The D&E
- Concert tour promotional poster
- Associated album: Danger
- Start date: 13 April 2019
- End date: 28 August 2019
- Legs: 1
- No. of shows: 9 total
- Website: superjunior-dne.smtown.com

Super Junior-D&E concert chronology
- Super Junior-D&E Japan Tour 2018: Style (2018); The D&E (2019); DEparture (2024);

= The D&E =

2019 concert tour by Super Junior-D&E

The D&E is the second Asia tour held by Super Junior's subunit Super Junior-D&E to promote their third Korean extended play album Danger, which was released two days after the start of this tour. The concerts in Seoul were the subunit's first domestic concerts in Korea.
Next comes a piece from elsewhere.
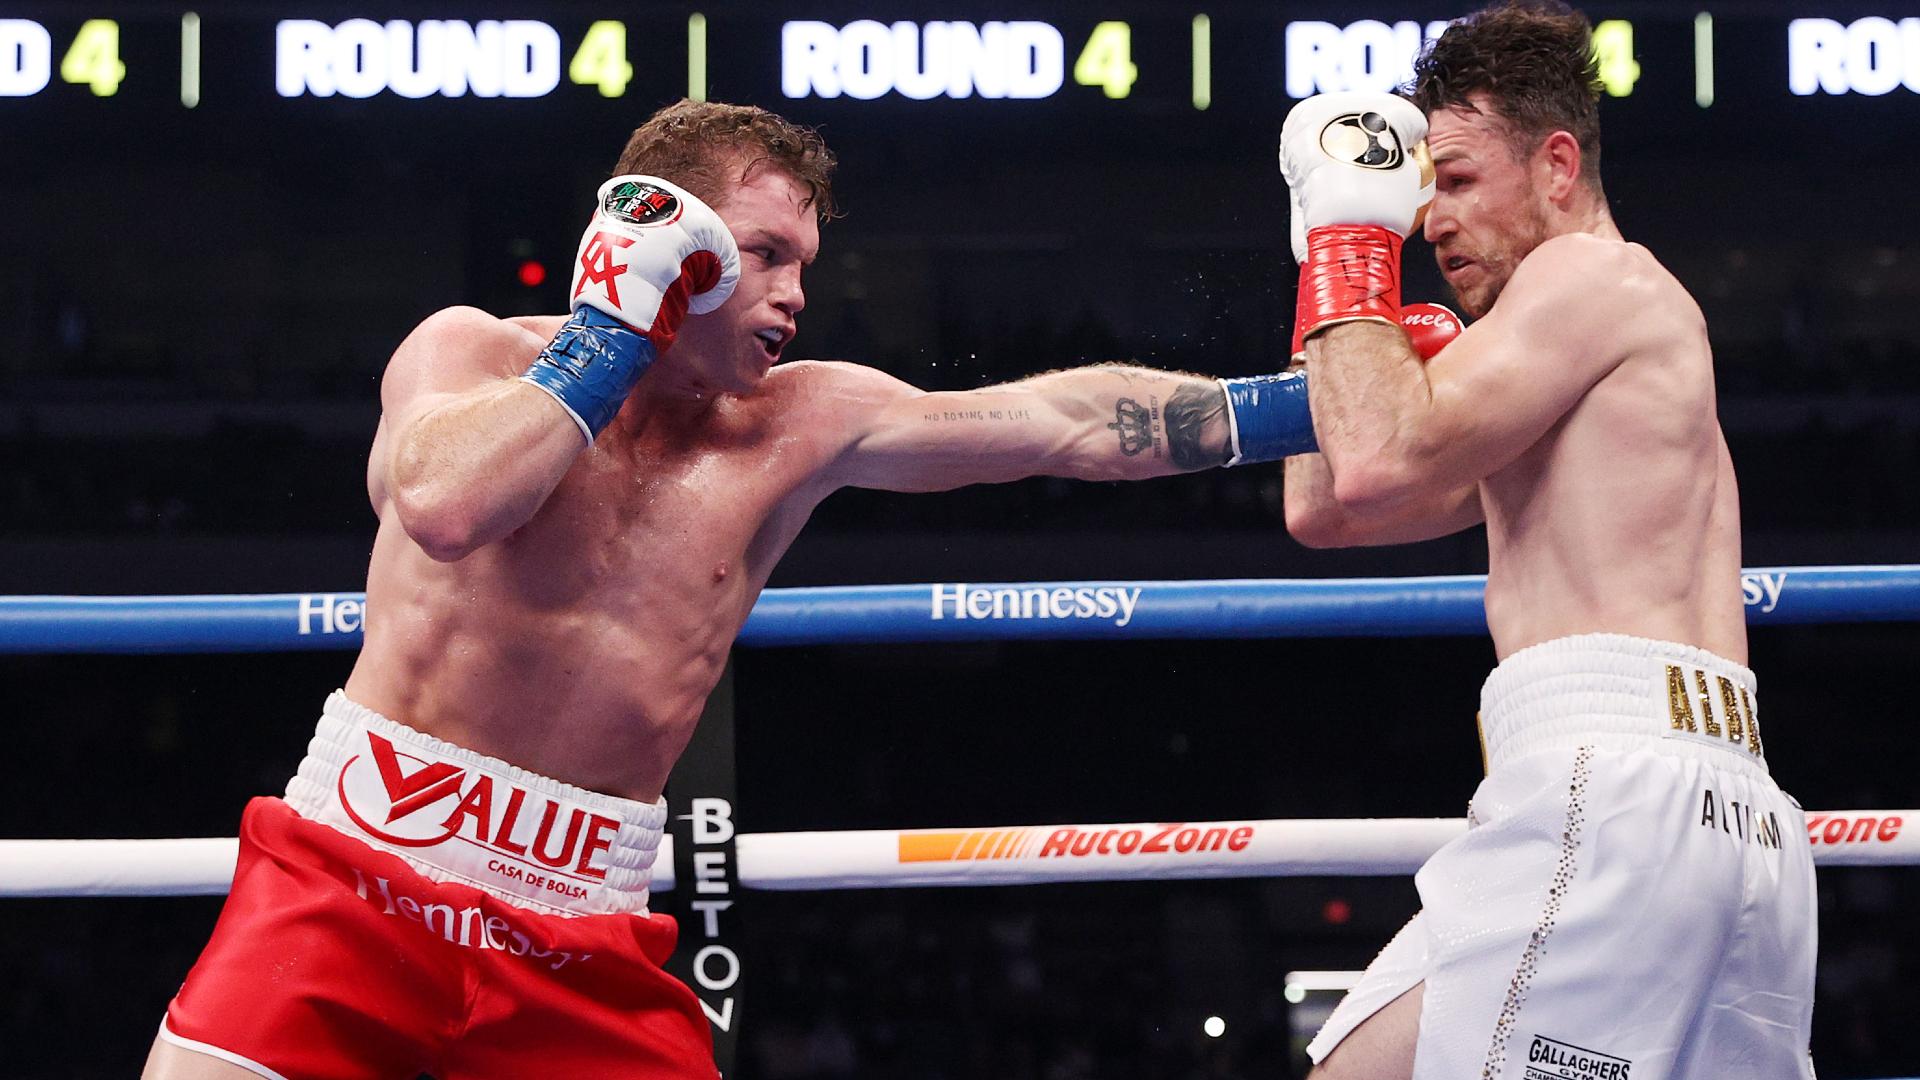 Alvarez dominates Smith to win super-middleweight titles

The Seoul concerts for The D&E were first announced at the end of Super Show 7S on March 3, 2019. It was later announced on the group's official website on March 7. Tickets for the Seoul concert went on sale through YES24 on March 15 and the shows were sold out on both days.

The subunit performed 24 songs (in both Korean and Japanese) for three hours at the Seoul concert dates. They also said on stage "We have been excited and nervous to throw our first solo gig in Korea, but we enjoyed the moment on the stage thanks to your enthusiastic responses. Thank you very much and we will do our best to give good performances in the future, too."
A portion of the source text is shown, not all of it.